Yeah, that makes sense.

I'm running some queries in production that take a 150 million row table, filter it down to ~100-300k rows which are then aggregated/grouped. This usually takes < 1s. However, if I'd try to do a count(*) on the table, that'd be around a minute as well.

> Without knowing the original query above was using it's speculation on why it was slow and mine was fast. My argument is just that SQL Server isn't magically slow. MySQL/PostgreSQL/SQL Server are super fast. And if you don't massage the database it can be super slow too.

Yeah. The query / query plan will be needed to go more in-depth on these kind of discussions. The amount of disk vs memory hits during execution obviously as well.

Anyway, I just wanted to understand if SQL Server was e.g. an order of magnitude faster than Postgres when scanning a large number of tuples. But I guess the answer to that is: probably not.

philliphaydon · on Feb 10, 2017

PostgreSQL has a BRIN index's as of 9.6 which may make some forms of aggregation faster than SQL Server I believe. Would need to do real-world tests to verify that tho.

xref · on Feb 10, 2017

Just to clarify, the whole db fits into 8gb of ram you're saying?

pvg · on Feb 9, 2017

Why non-replicated? Do you mean non-sharded?

edejong · on Feb 9, 2017

I actually meant clustered. Replication is of course a good idea, but distributed query processing, esp. in combination with transaction processing is often too complicated to get the job done.

jo909 · on Feb 9, 2017

I agree, but how do you argue for that?

I work with a customer where every application has to have a dedicated environment, running on VMs in a seperate VPC on a private cloud.

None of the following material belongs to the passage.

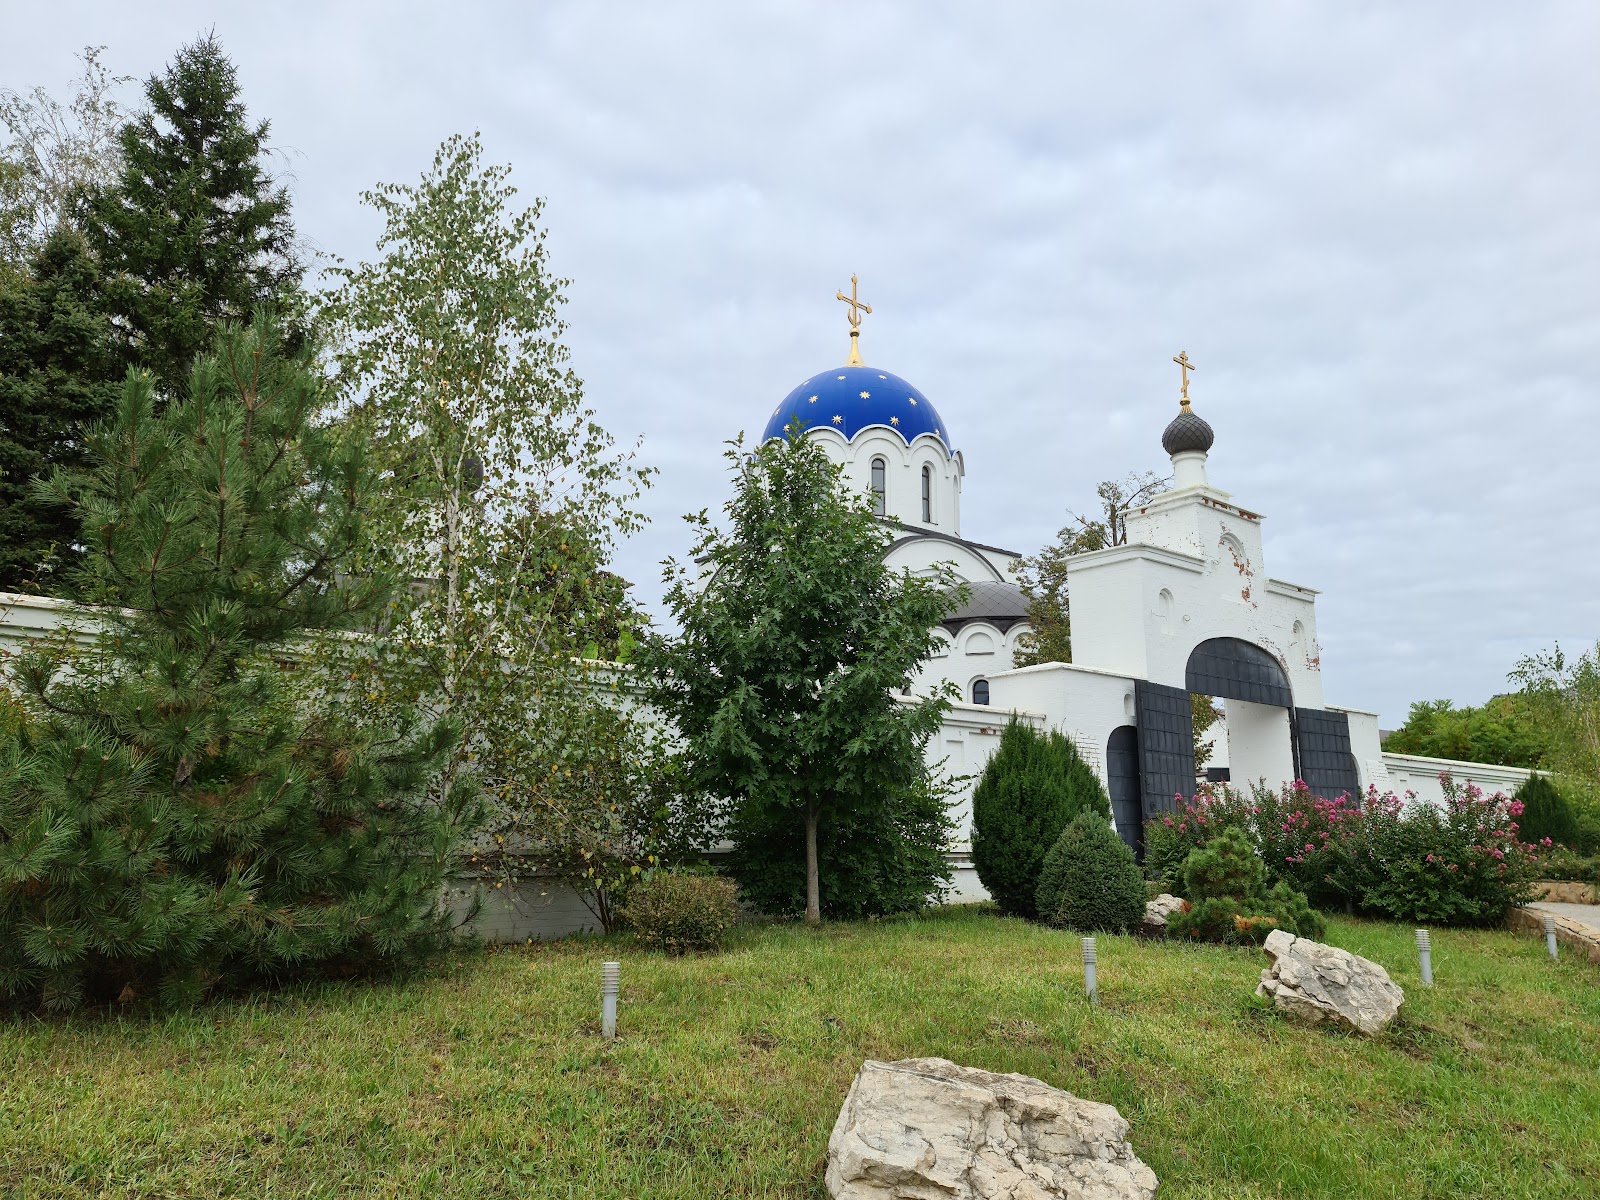 Convent of the Mother of God "Vsetsaritsa".

The default DB is a galera cluster with 3 nodes, even for the most simple application.

The argument for it is that cloud VMs are expected to fail, so everything has to be setup to tolerate instance failure without downtime.

All I have to counter it is the supposedly higher risk of data loss in a complicated split brain, the unspecific "more complicated" etc. While the risk of instance failure is very real, that feels a bit theoretical and vague.

falcolas · on Feb 9, 2017

> how do you argue for that

0 downtime and 0 data loss is impossible, both theoretically and practically. Even a Galara cluster is going to have downtime if a node fails (timeouts expiring, etc.).

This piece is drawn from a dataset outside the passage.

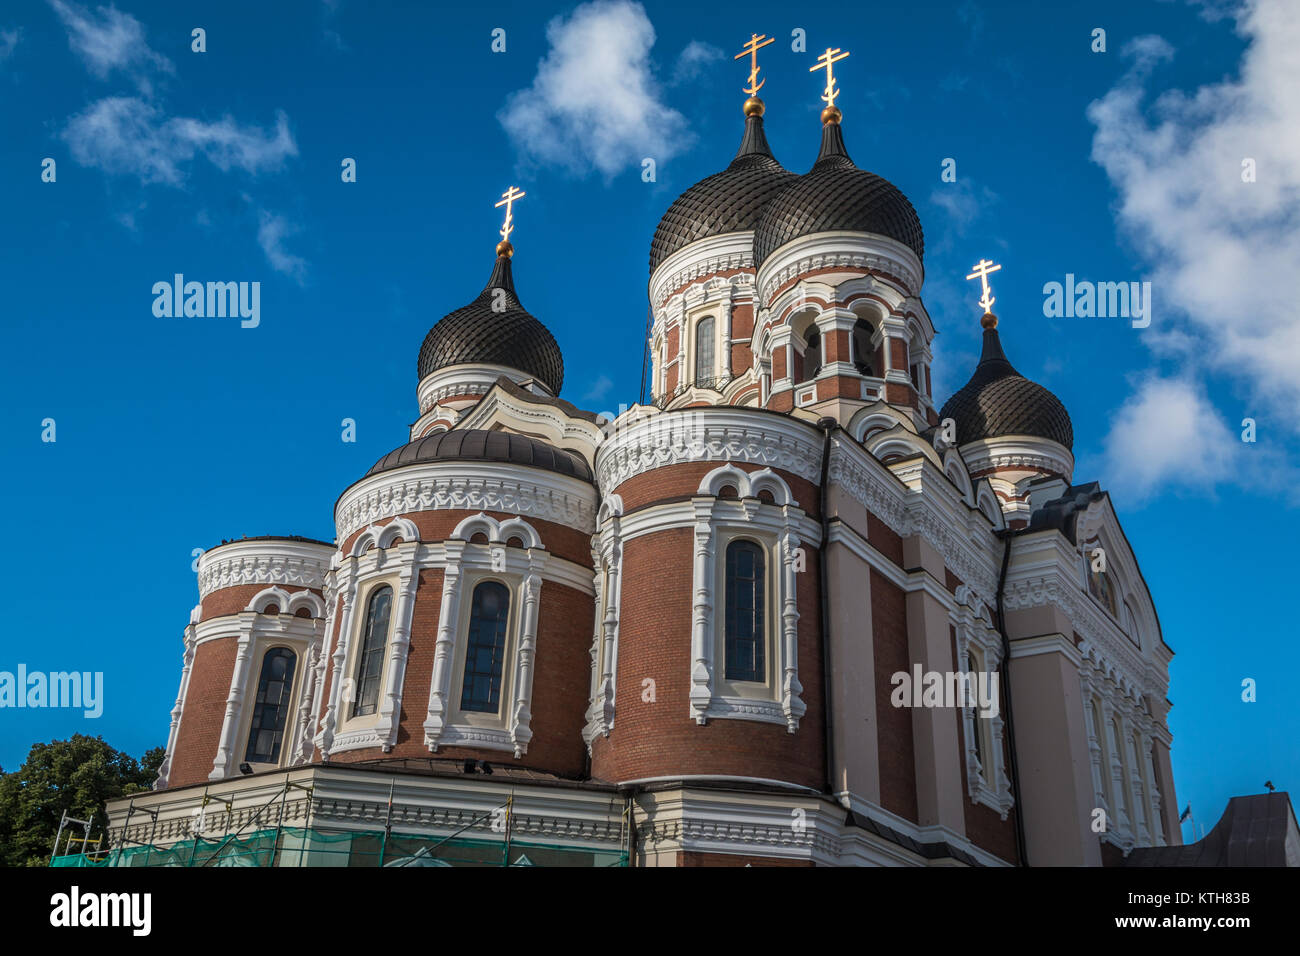 Tallinn Orthodox church in Estonia Stock Photo

Really, it comes down to what trade-offs is the company willing to accept: the potential for stale reads for high availability, slow/aborted writes for high consistency, downtime for reduced complexity, etc.

A few notes about Galara: its performance going to become severely degraded if one of the nodes decides it needs to be rebuilt - both that node and the donor node will effectively be out of the loop, with the network link between them saturated for the duration. That degraded state doesn't require the node to go down, it can happen spontaneously.

Galara also imposes limits on write frequency and location - if you're doing many writes, you don't want to split those writes between nodes, since every write has to look at every other pending transaction on every node before it can occur.

An automated RDB master failover can occur in under 30 seconds, easily. You can also typically run master-master without a risk of split brain by specifying even and odd primary keys.

> cloud VMs are expected to fail

Yup, but that timeframe is usually on the order of months or years. And if you use externally backed disk stores (at the cost of read/write speed) you can be back up in a matter of minutes with a single master. Even a full restore from backups can typically be done in 10-15 minutes; constrained mostly by your network speed.

pvg · on Feb 9, 2017

Close enough.

pmelendez · on Feb 9, 2017

"searching through around 200 million tuples within the order of 2 seconds (partially stored columnar using psql array types and GIN indexes). Not for a second did I consider using any kind of specialized database, nor optimized algorithms, except for some application-level caching. "

--

That's cool and all, but for some real-time applications, retrieving in the order of seconds is unacceptable.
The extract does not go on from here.